Work item:
Pictures do not belong in your copy. Repeat all the other data exactly.

Data segment:
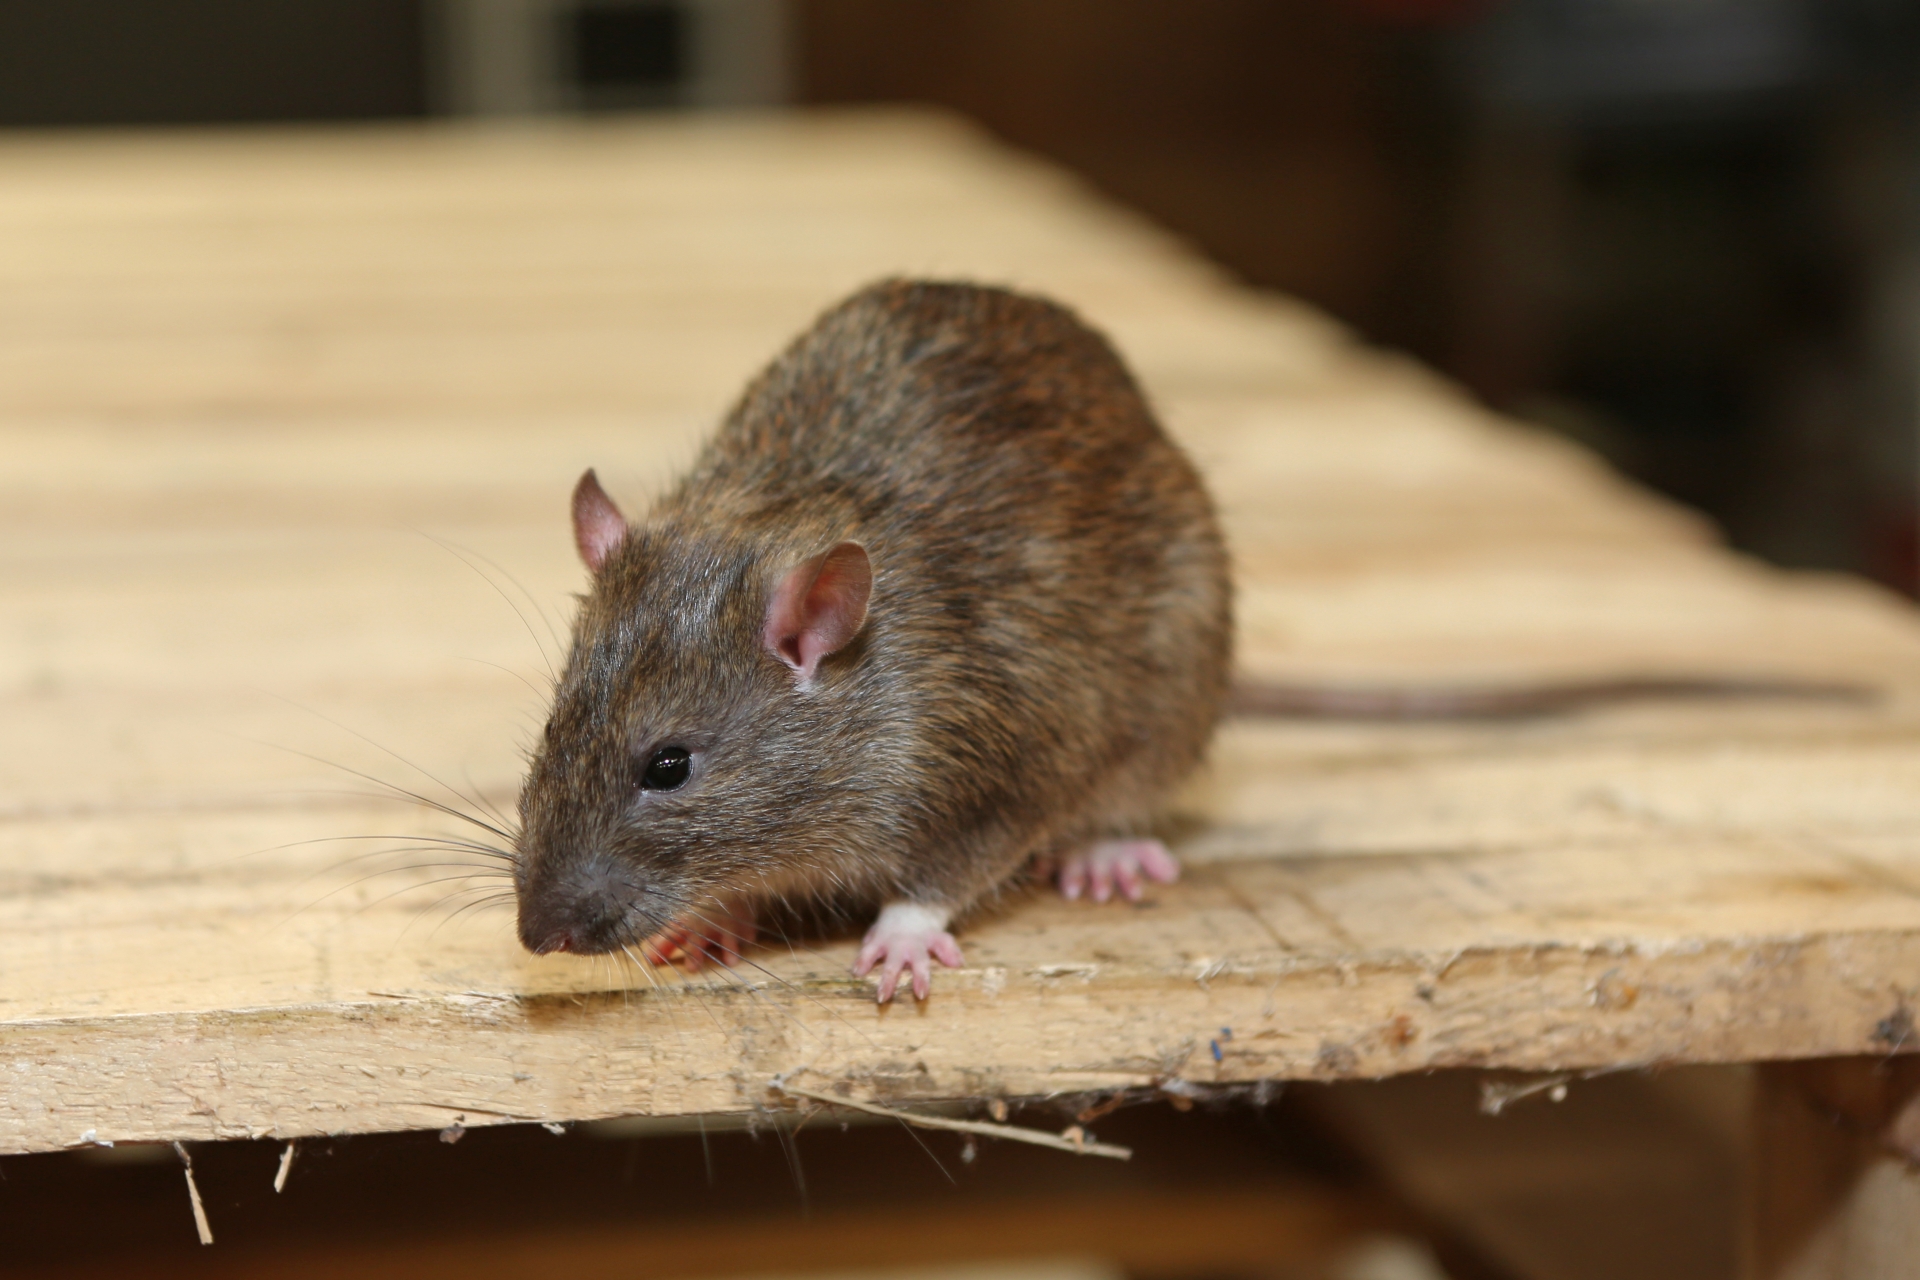 Rat Control, Pest Control in Norbury, SW16. Call Now 020 8166 9746
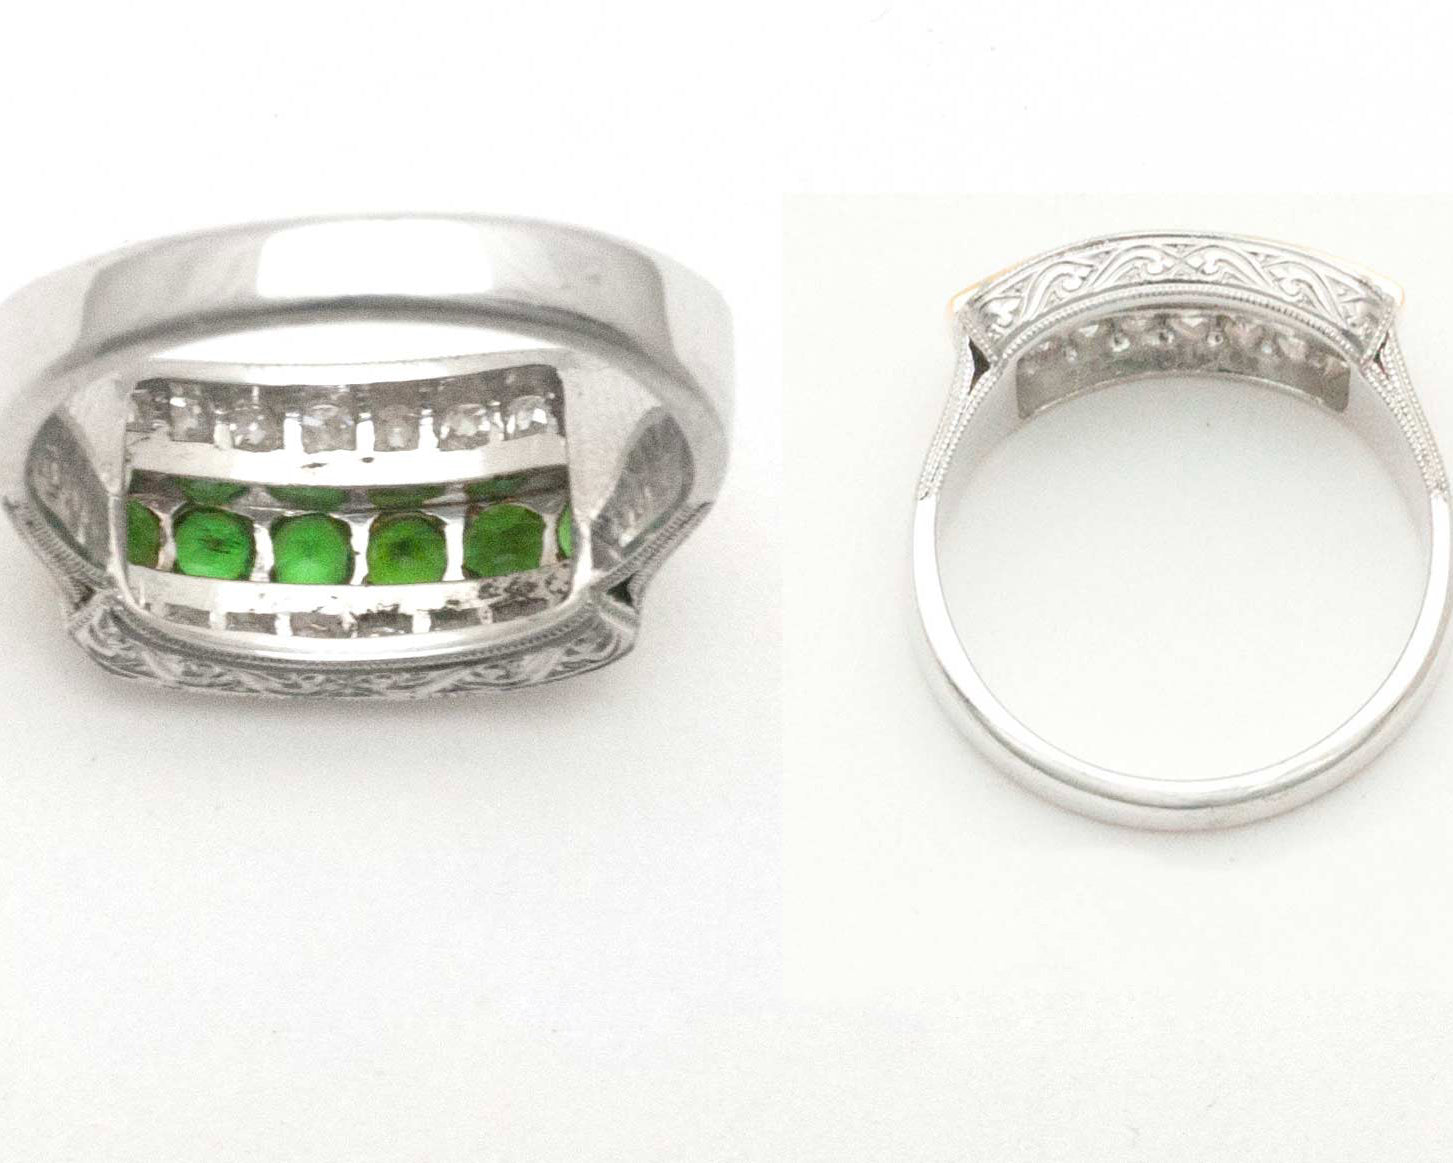 Green tsavorite antique anniversary band with diamond accents.
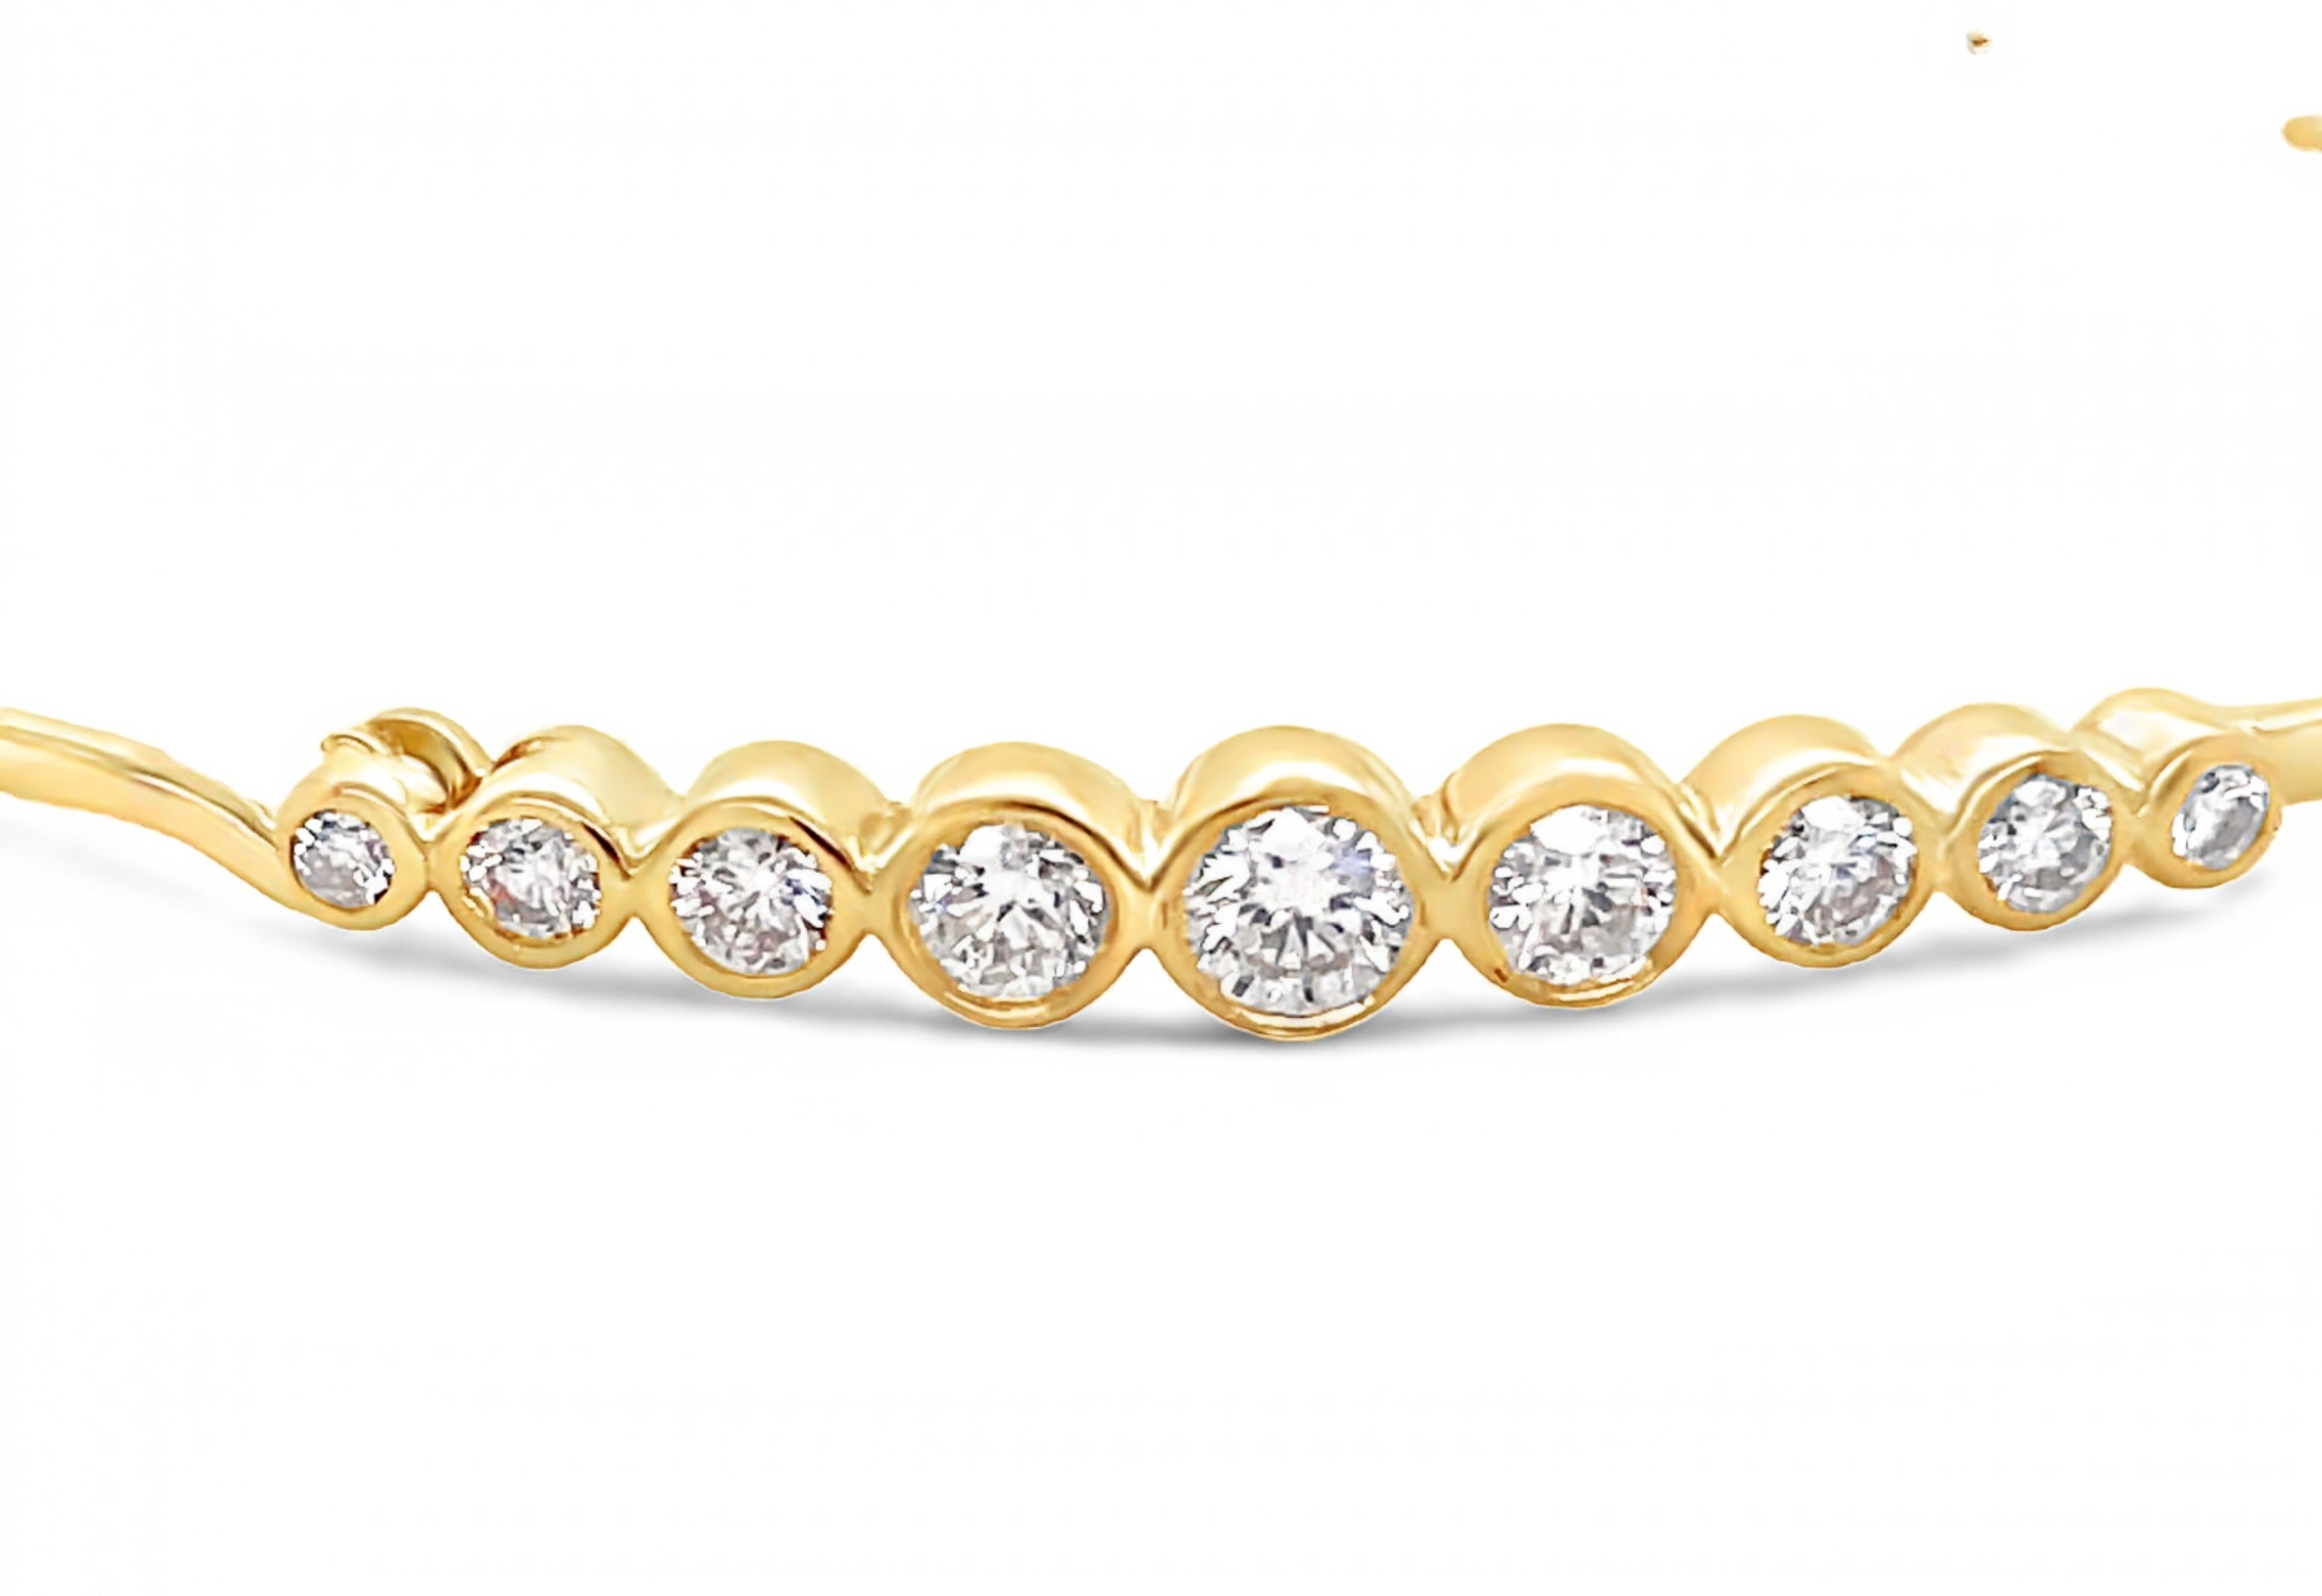 Dainty diamond bracelet 0.64 cts  9 round diamonds   14k Yellow Gold  Opens at fornt  You can stack it or wear it alone

Solution for this task:
 Rat Control, Pest Control in Norbury, SW16. Call Now 020 8166 9746
 Green tsavorite antique anniversary band with diamond accents.
 Dainty diamond bracelet 0.64 cts  9 round diamonds   14k Yellow Gold  Opens at fornt  You can stack it or wear it alone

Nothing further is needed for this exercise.